Top of Given material

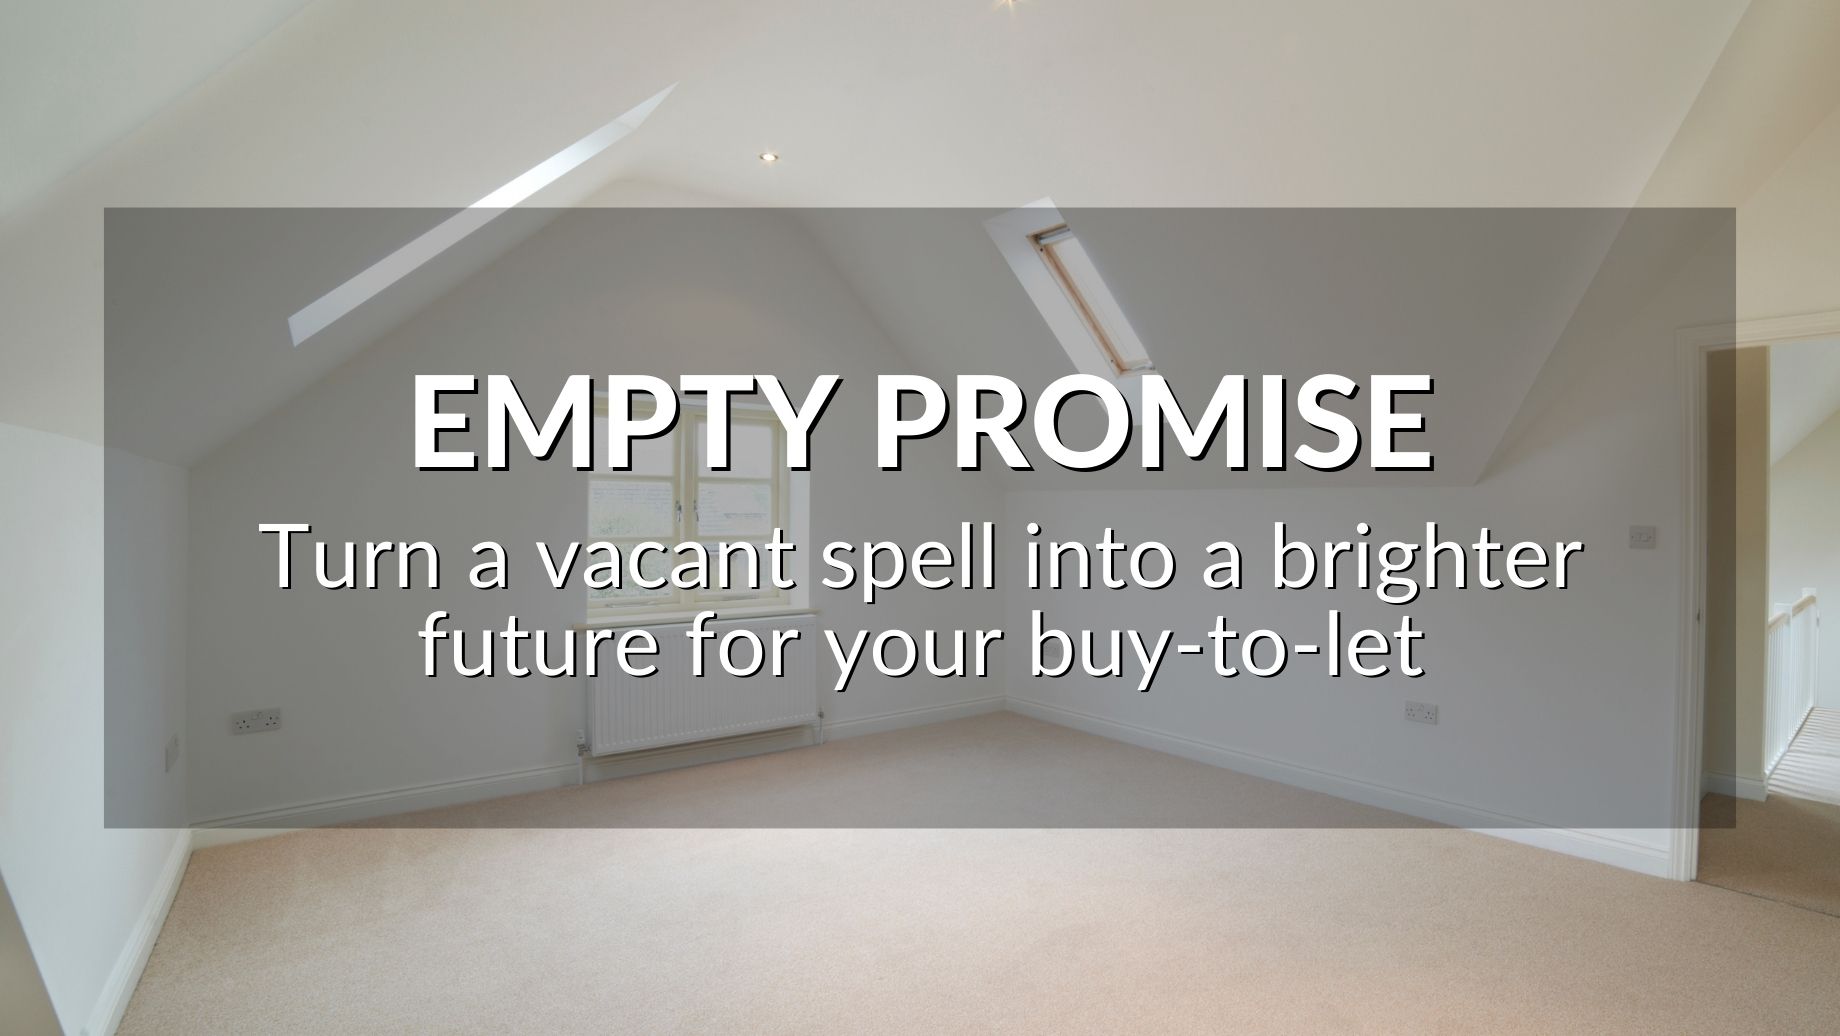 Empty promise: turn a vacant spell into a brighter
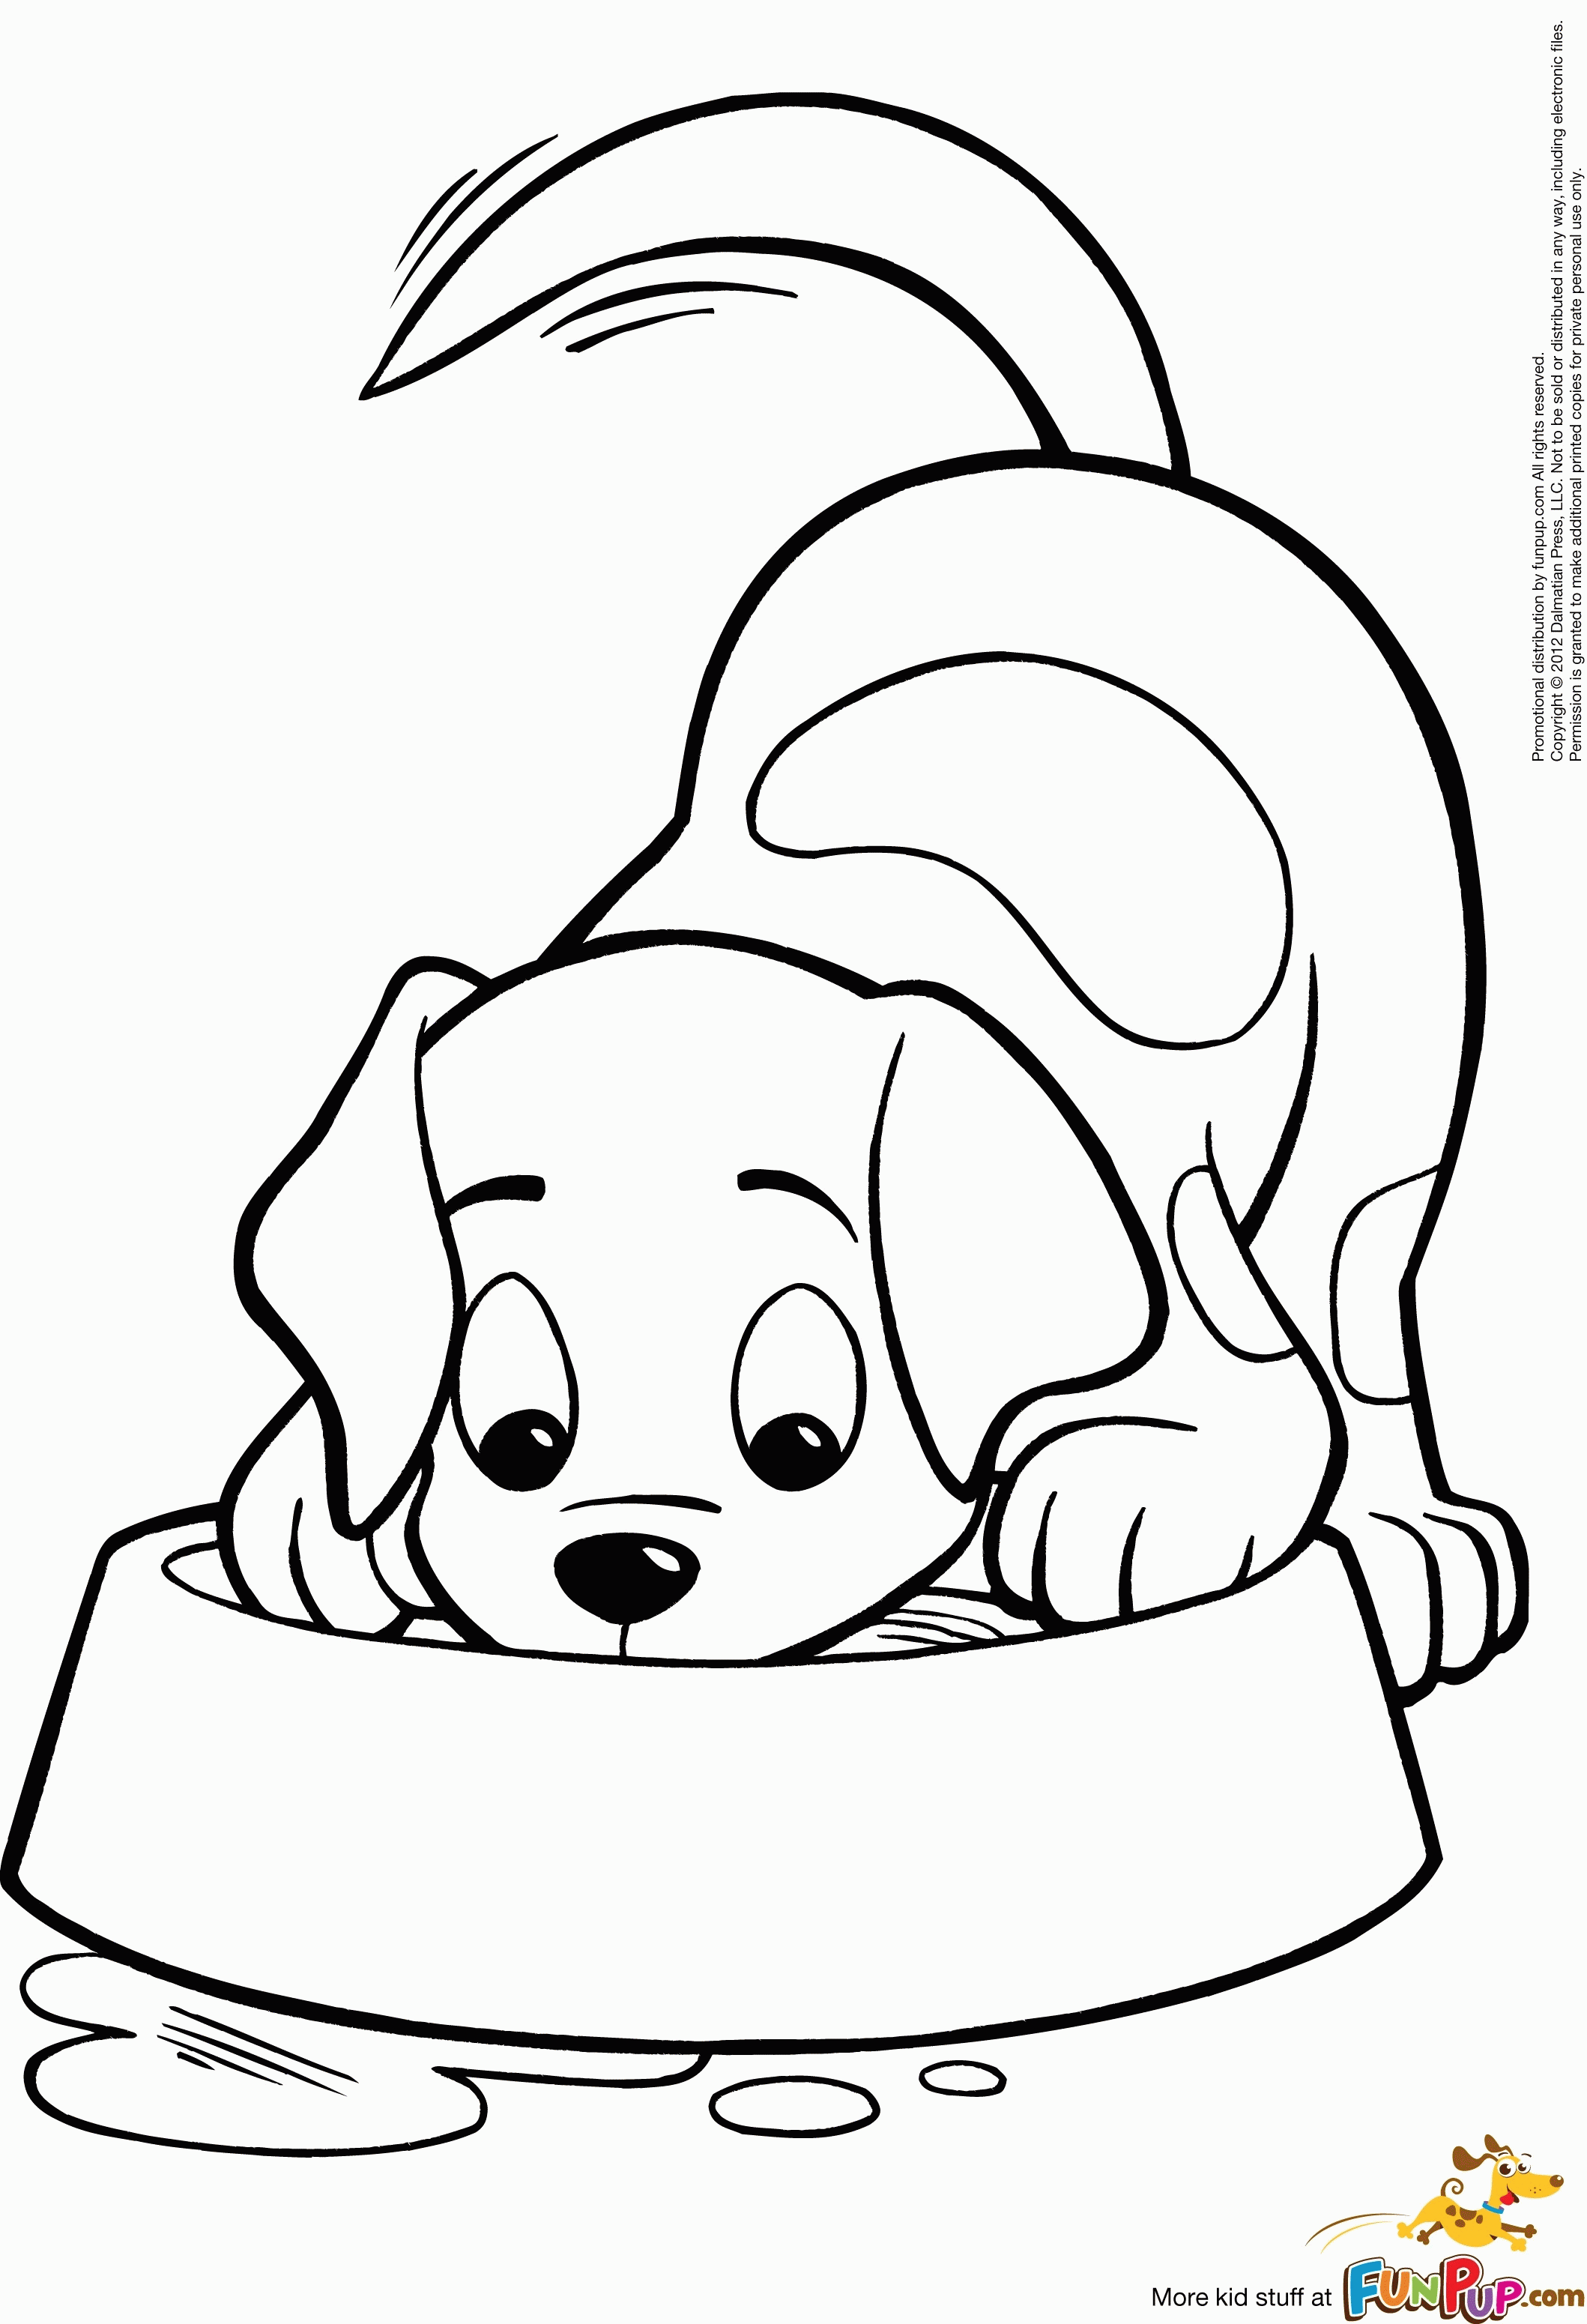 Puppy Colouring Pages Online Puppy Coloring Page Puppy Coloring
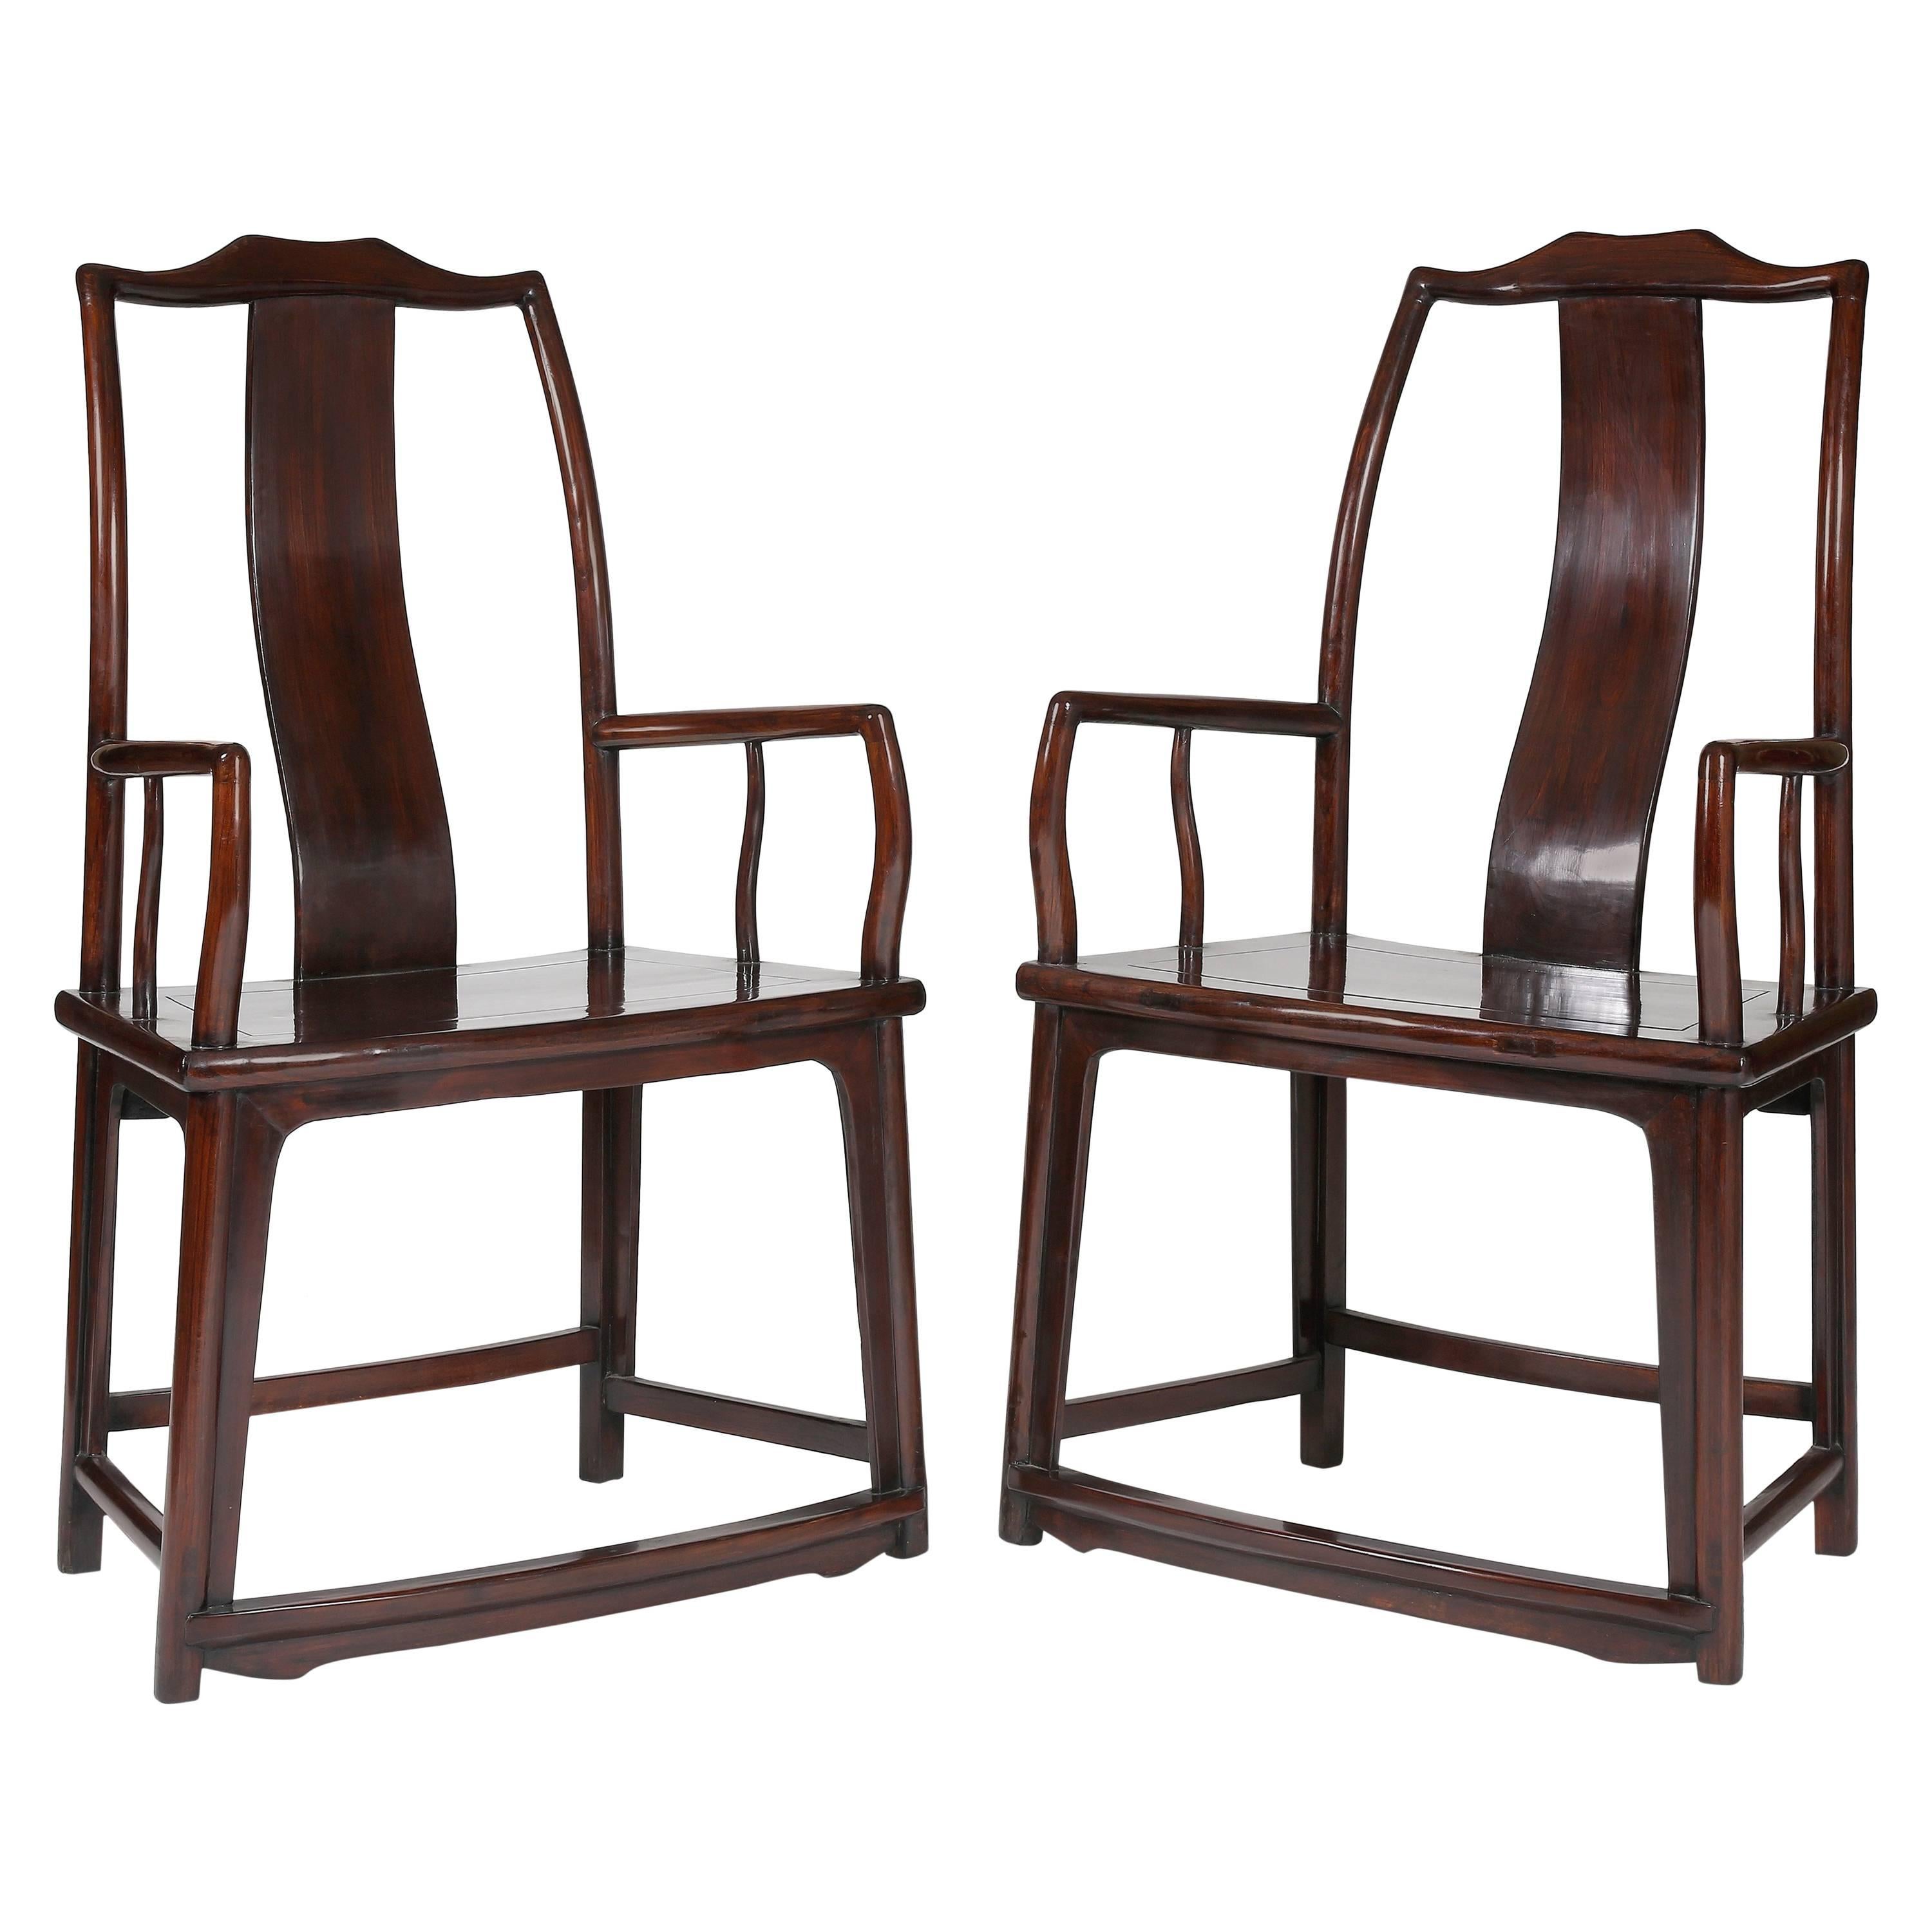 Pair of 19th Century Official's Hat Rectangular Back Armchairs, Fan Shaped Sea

Bottom of Given material

Go through the listing above and quote it exactly, apart from its images.

 Empty promise: turn a vacant spell into a brighter
 Puppy Colouring Pages Online Puppy Coloring Page Puppy Coloring
 Pair of 19th Century Official's Hat Rectangular Back Armchairs, Fan Shaped Sea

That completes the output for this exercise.